[Opening Exercise material section]
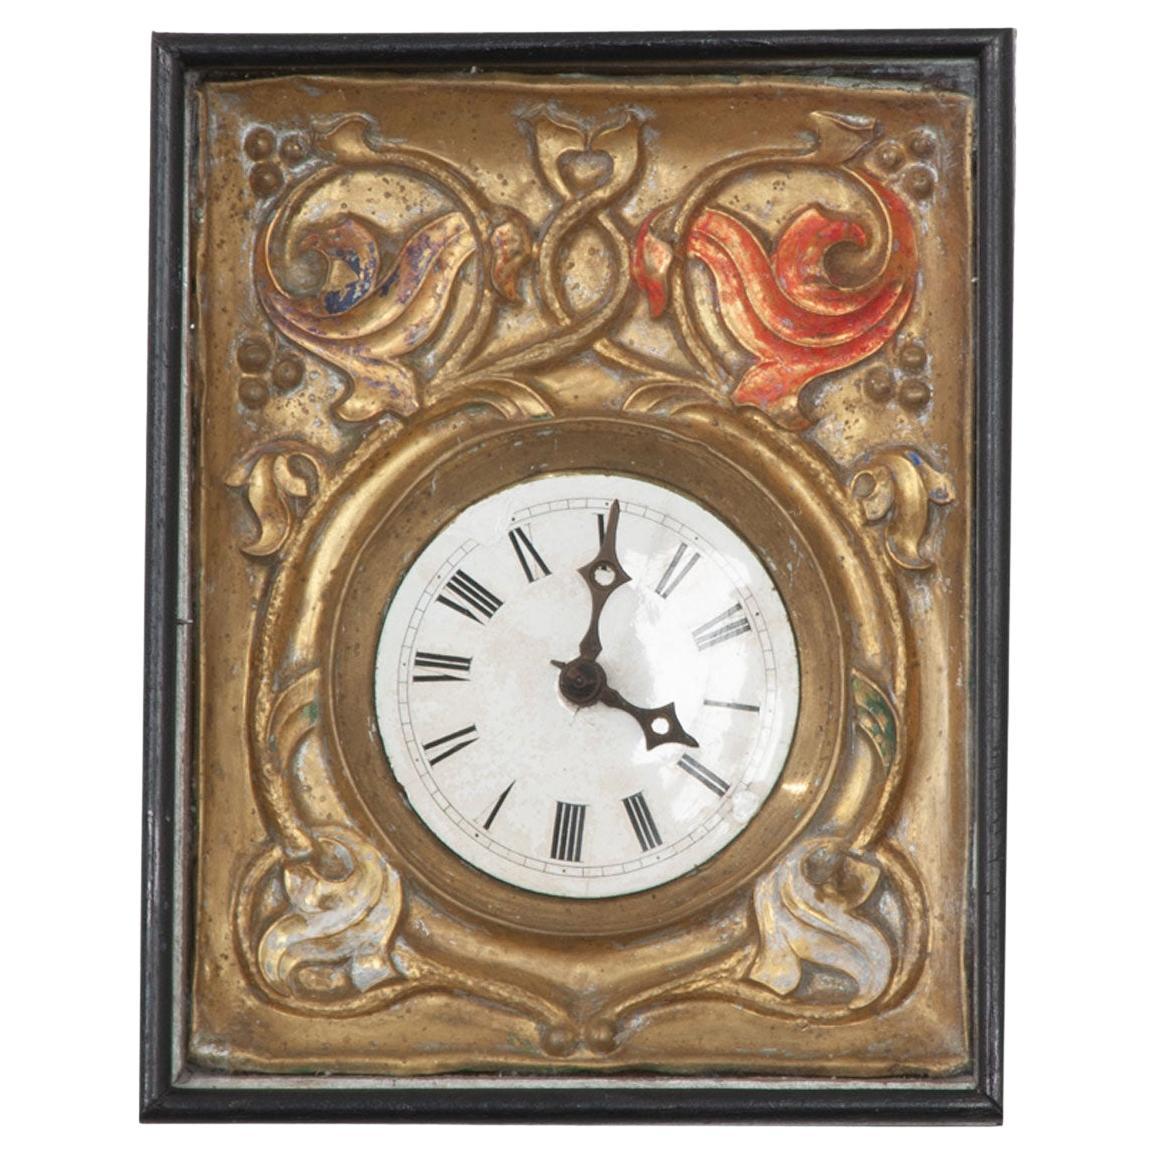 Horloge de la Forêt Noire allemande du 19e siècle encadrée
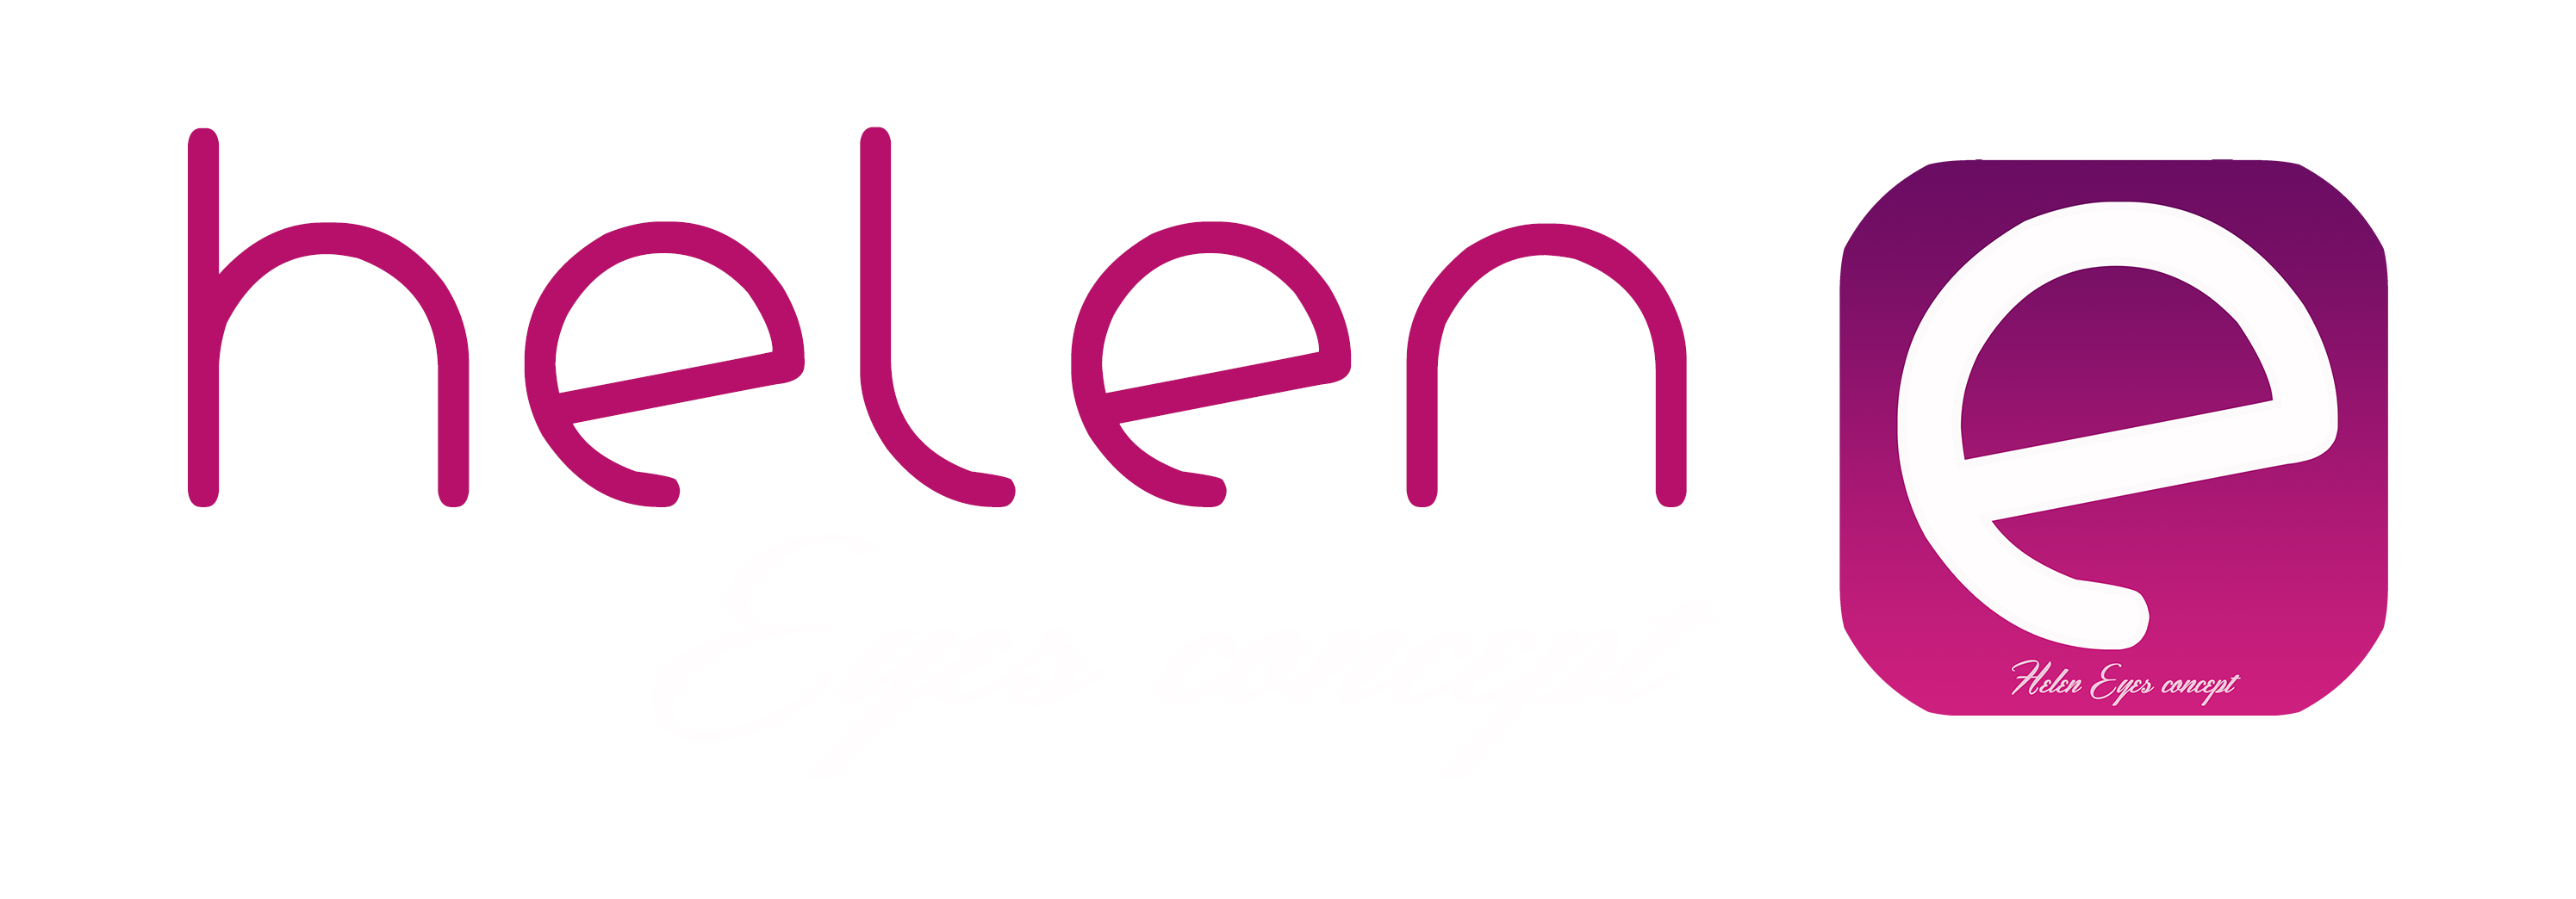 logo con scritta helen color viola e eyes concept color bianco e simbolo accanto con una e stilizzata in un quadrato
[Closing Exercise material section]
[Opening Exercise material section]
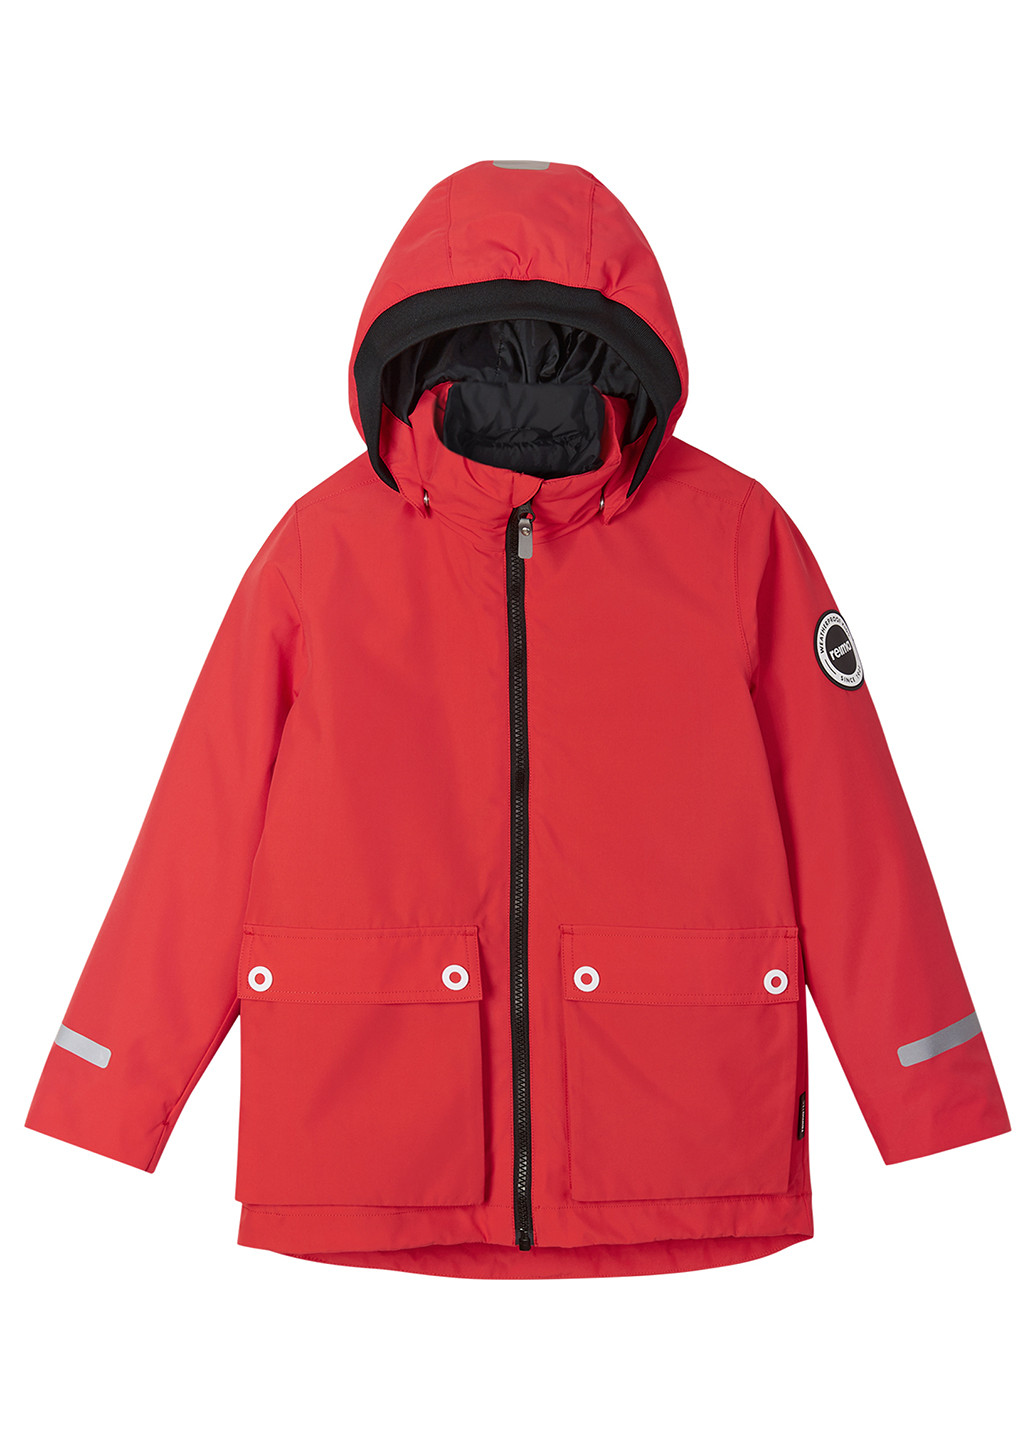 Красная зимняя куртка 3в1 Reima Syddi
[Closing Exercise material section]
[Opening Exercise material section]
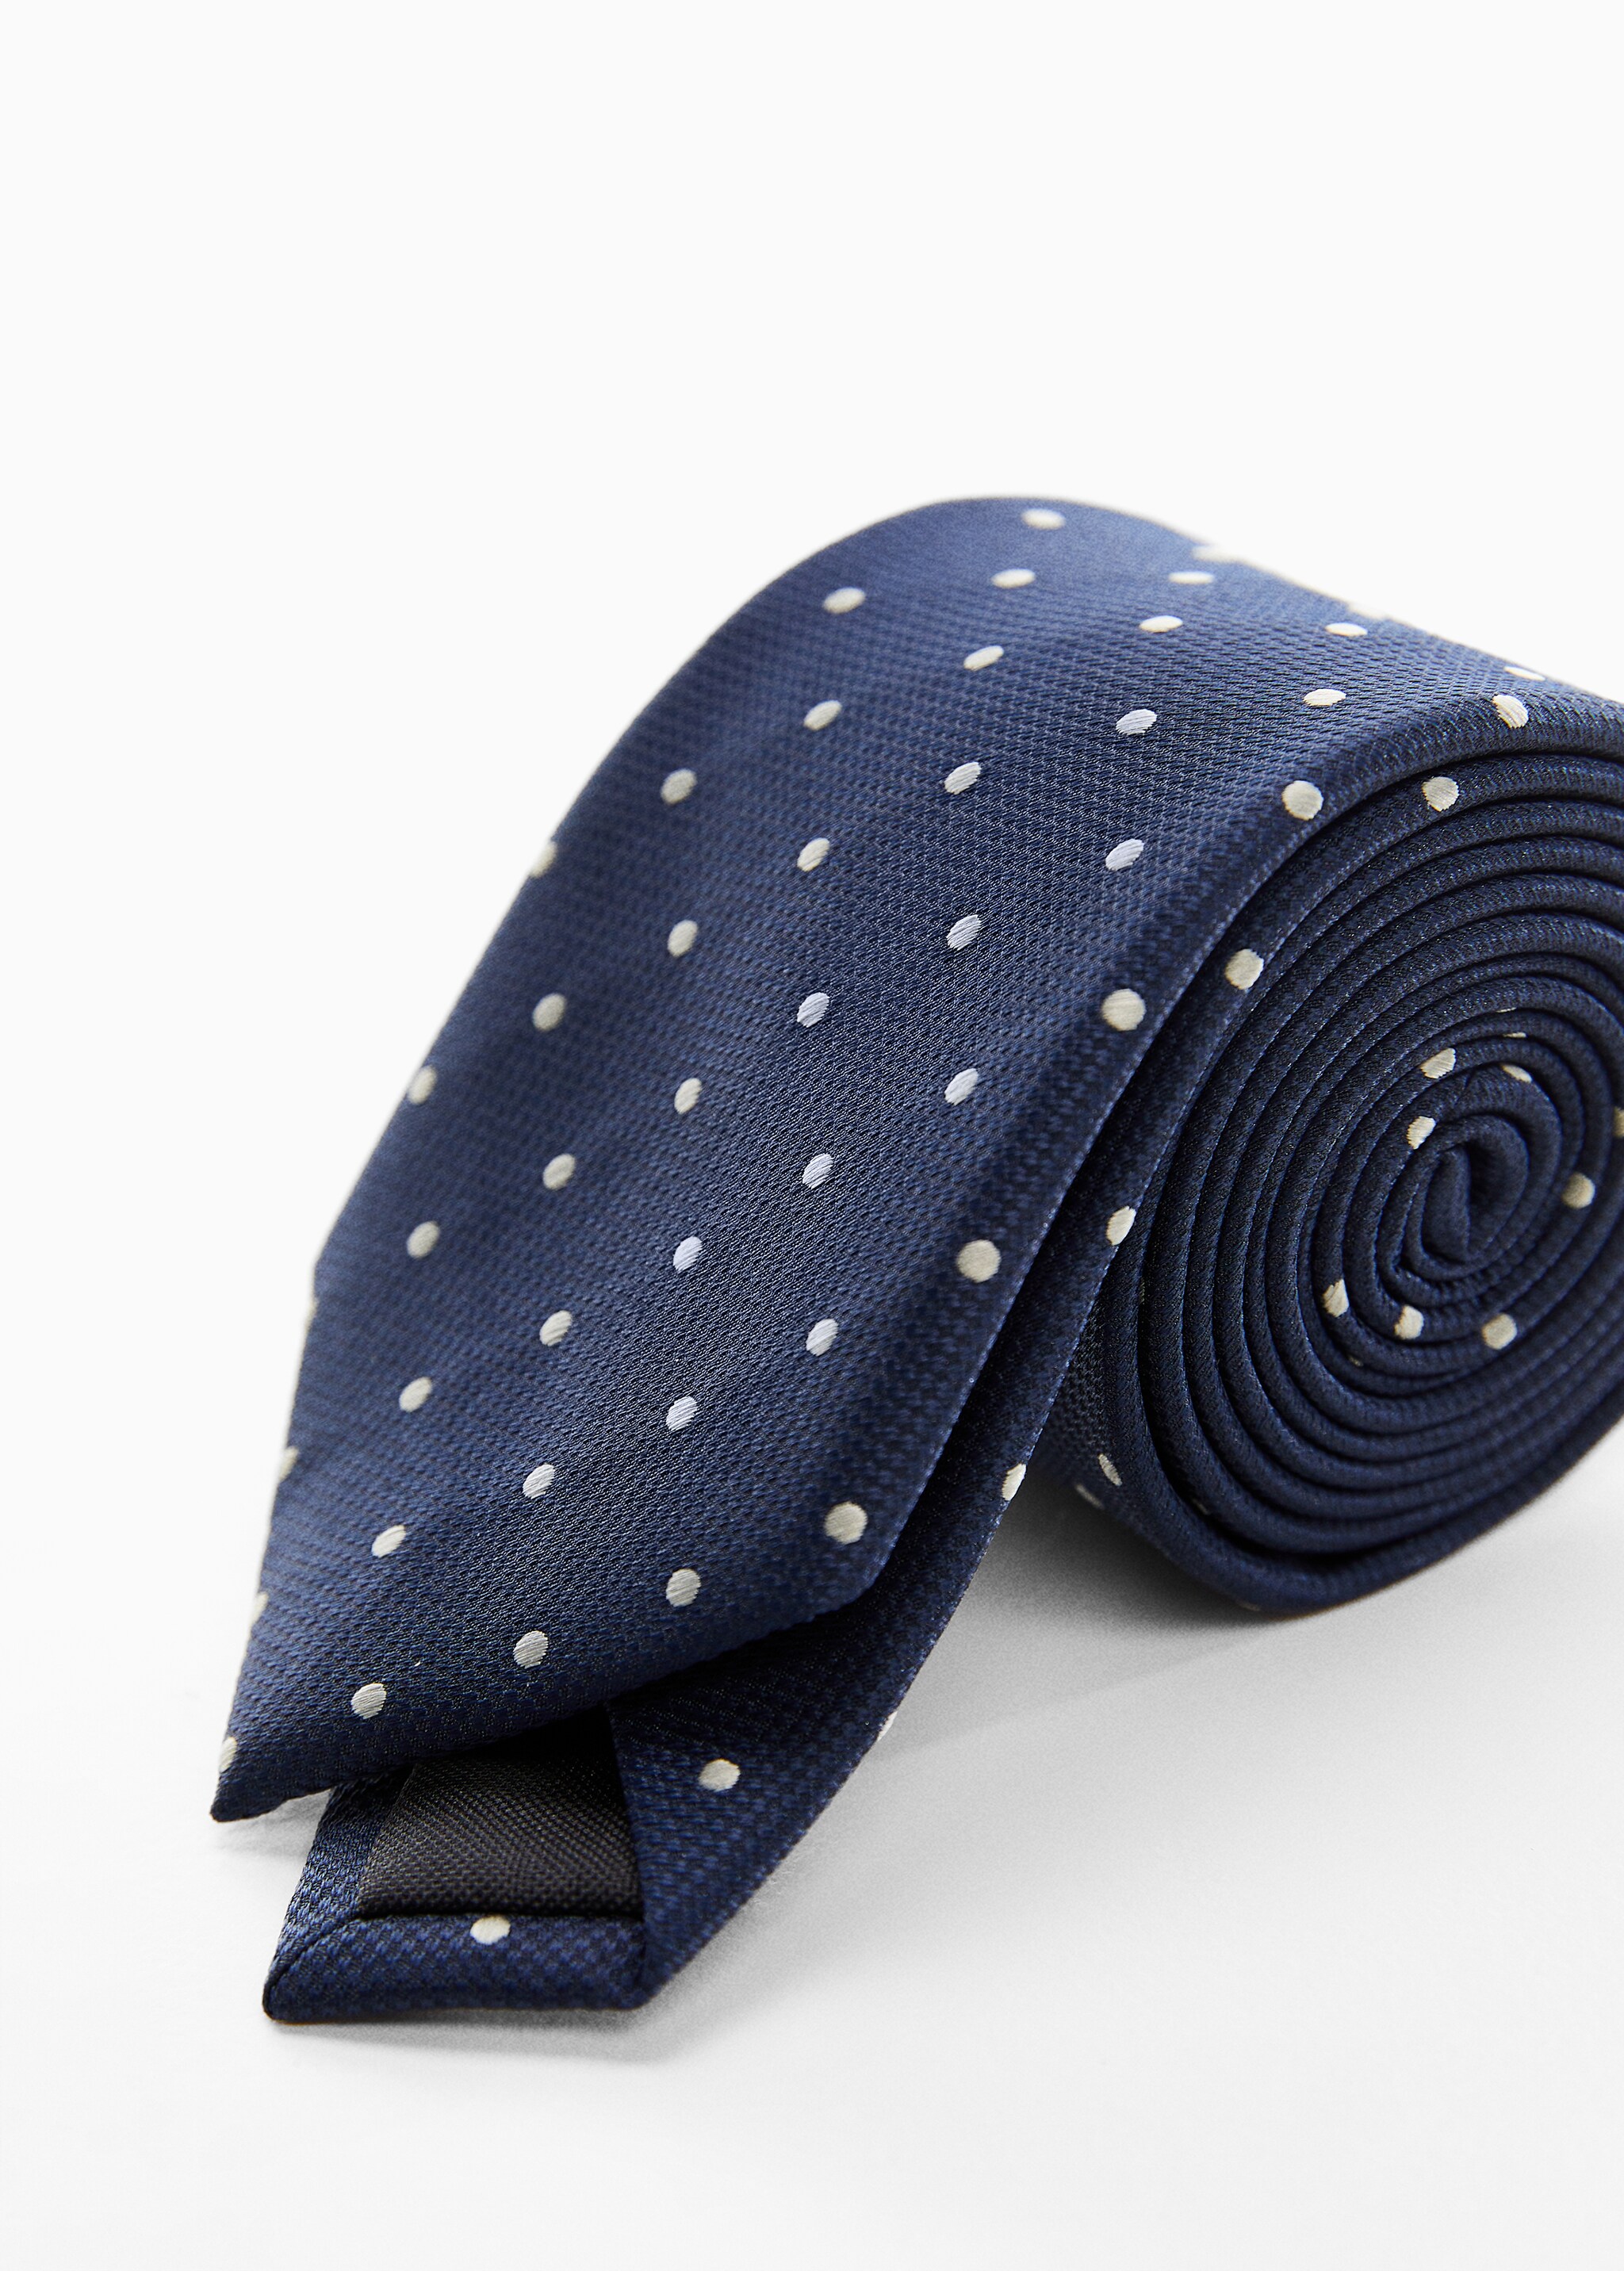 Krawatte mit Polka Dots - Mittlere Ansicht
[Closing Exercise material section]
- _What is expected_:
Exact copy, pictures excluded: every line above from the one containing "Horloge de la" to the one containing "logo con scritta", inclusive, and nothing more.

- _Solution for this task_:
 Horloge de la Forêt Noire allemande du 19e siècle encadrée
 logo con scritta helen color viola e eyes concept color bianco e simbolo accanto con una e stilizzata in un quadrato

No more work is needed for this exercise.